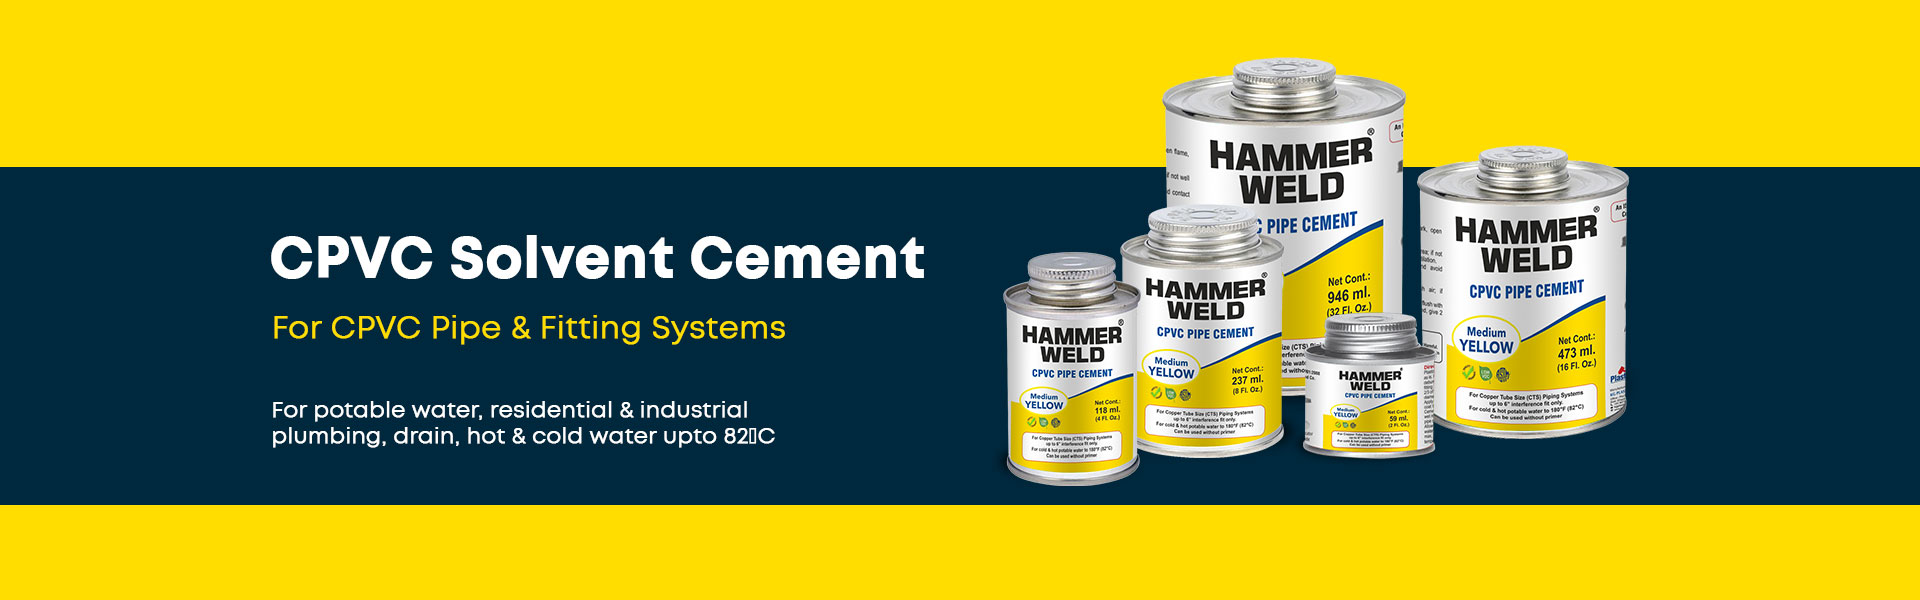 HammerWeld CPVC Pipe Cement
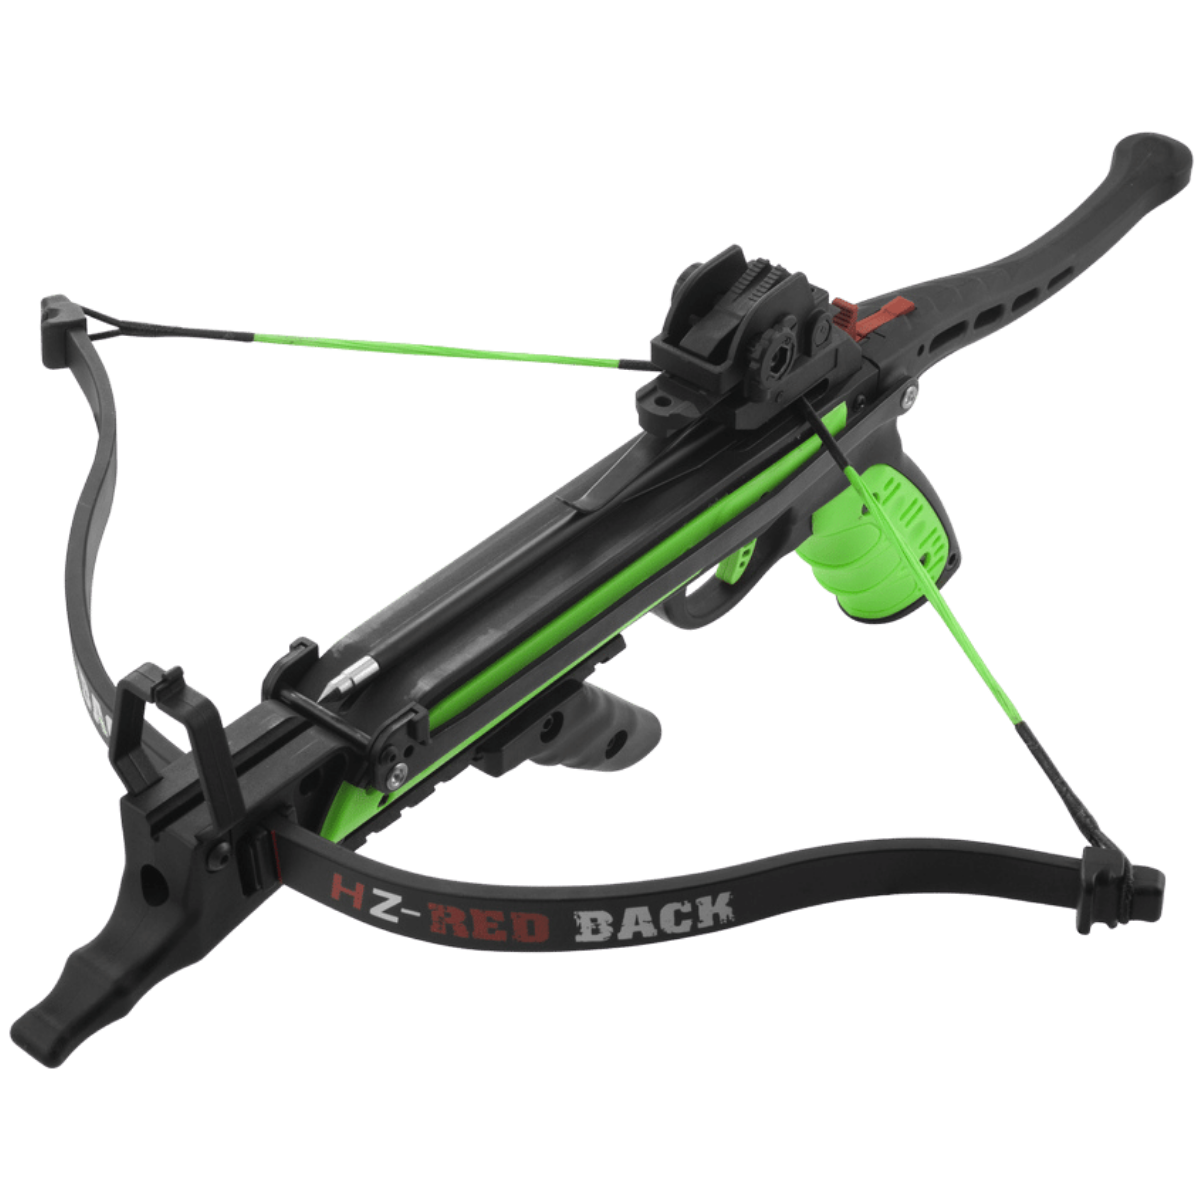 Hori-Zone Redback RTS Pistol Crossbow 80lb - Green/Black - Fast UK Shipping | Tactical Archery UK
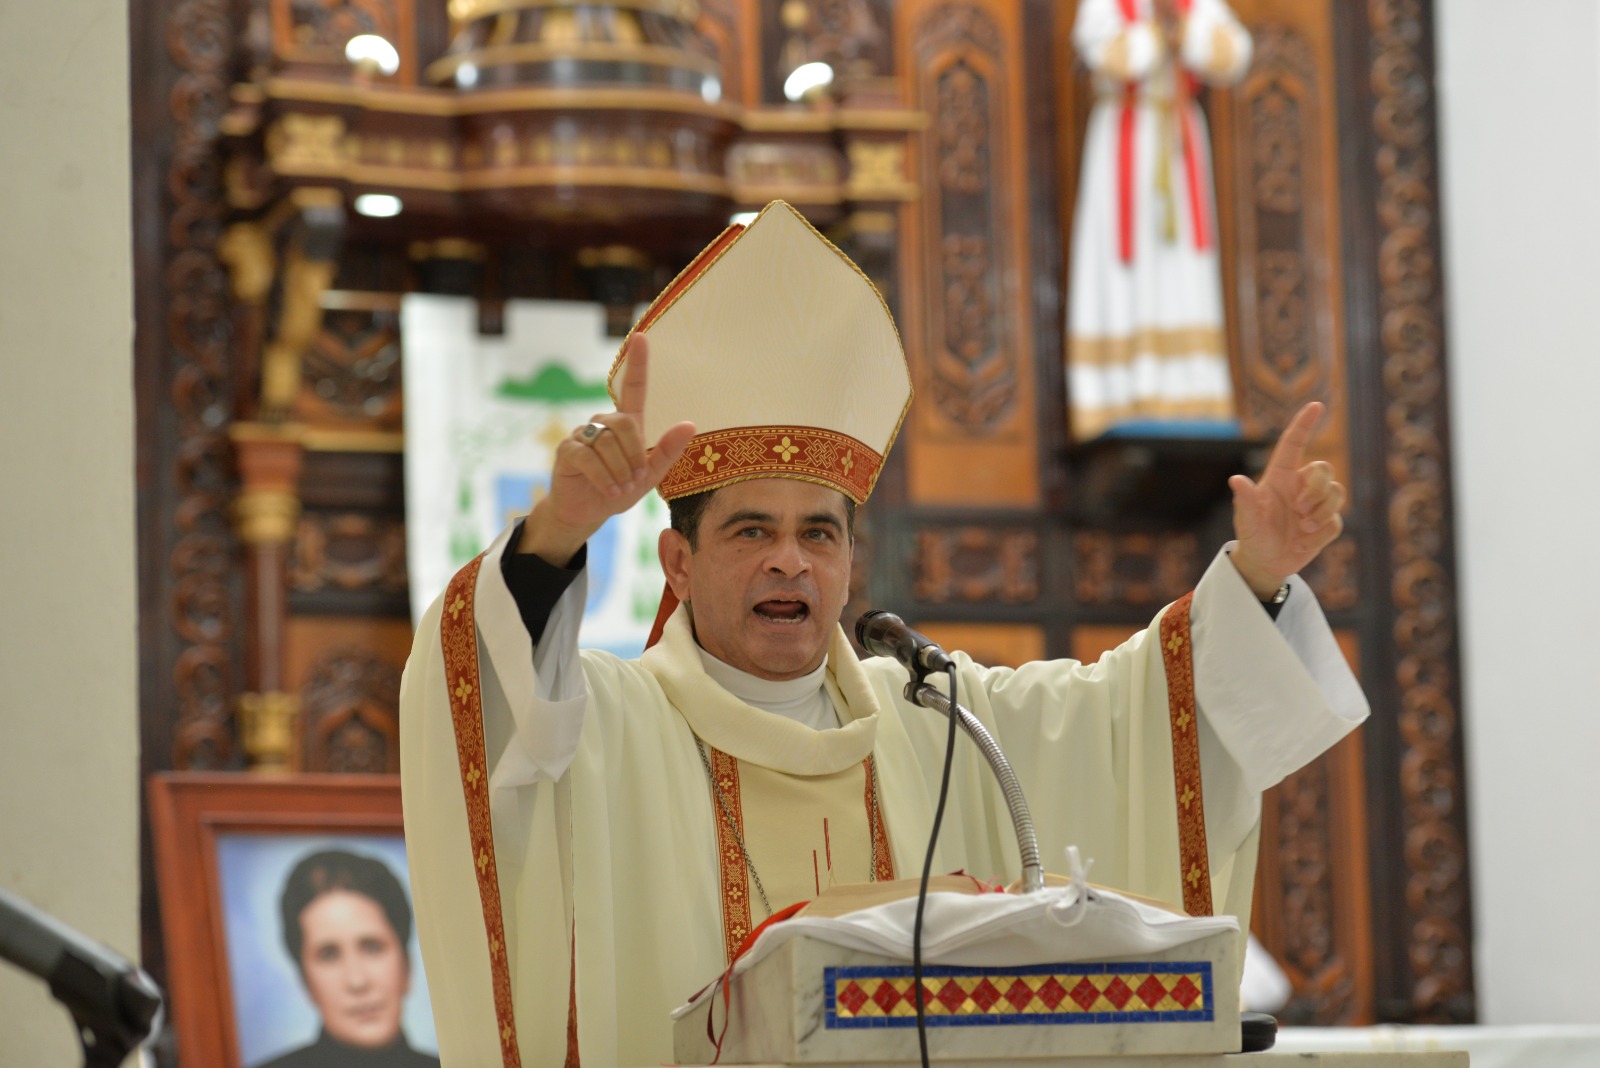 obispo Rolando Álvarez
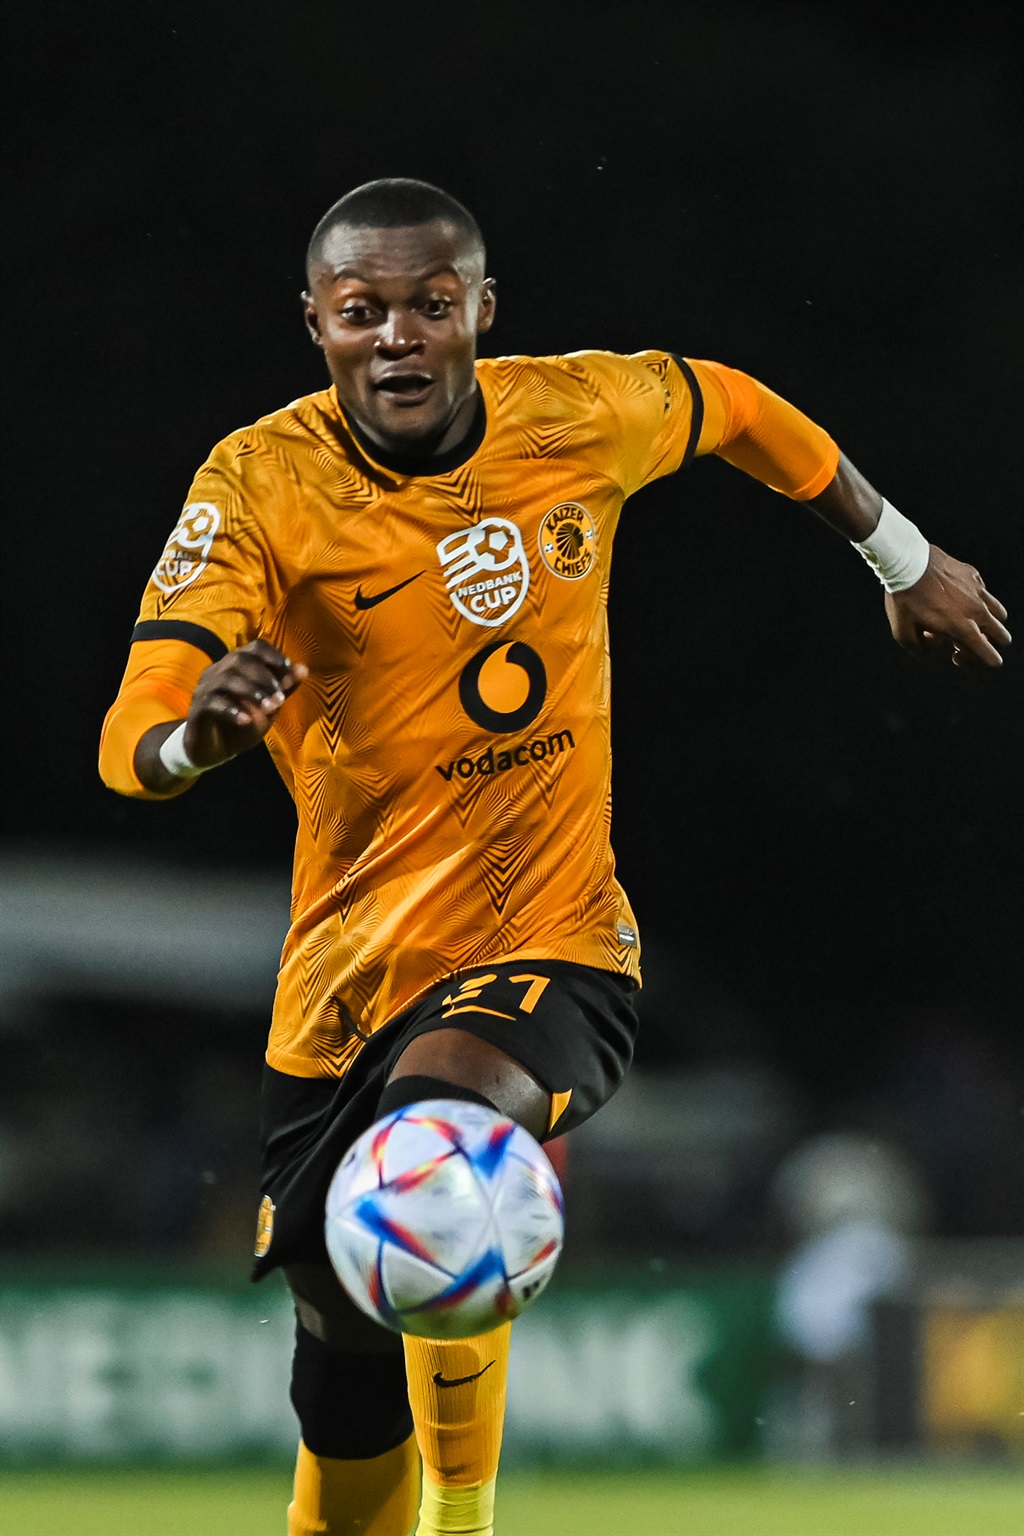 Orlando Pirates XI against Kaizer Chiefs in Nedbank Cup semi-final - Lorch  absent, Erasmus starts

# # #

» What you have to do
Set down word for word, from the line that contains "obispo Rolando Álvarez" to the end of the listing above, every line and no picture.

» Exercise response
 obispo Rolando Álvarez
 Orlando Pirates XI against Kaizer Chiefs in Nedbank Cup semi-final - Lorch  absent, Erasmus starts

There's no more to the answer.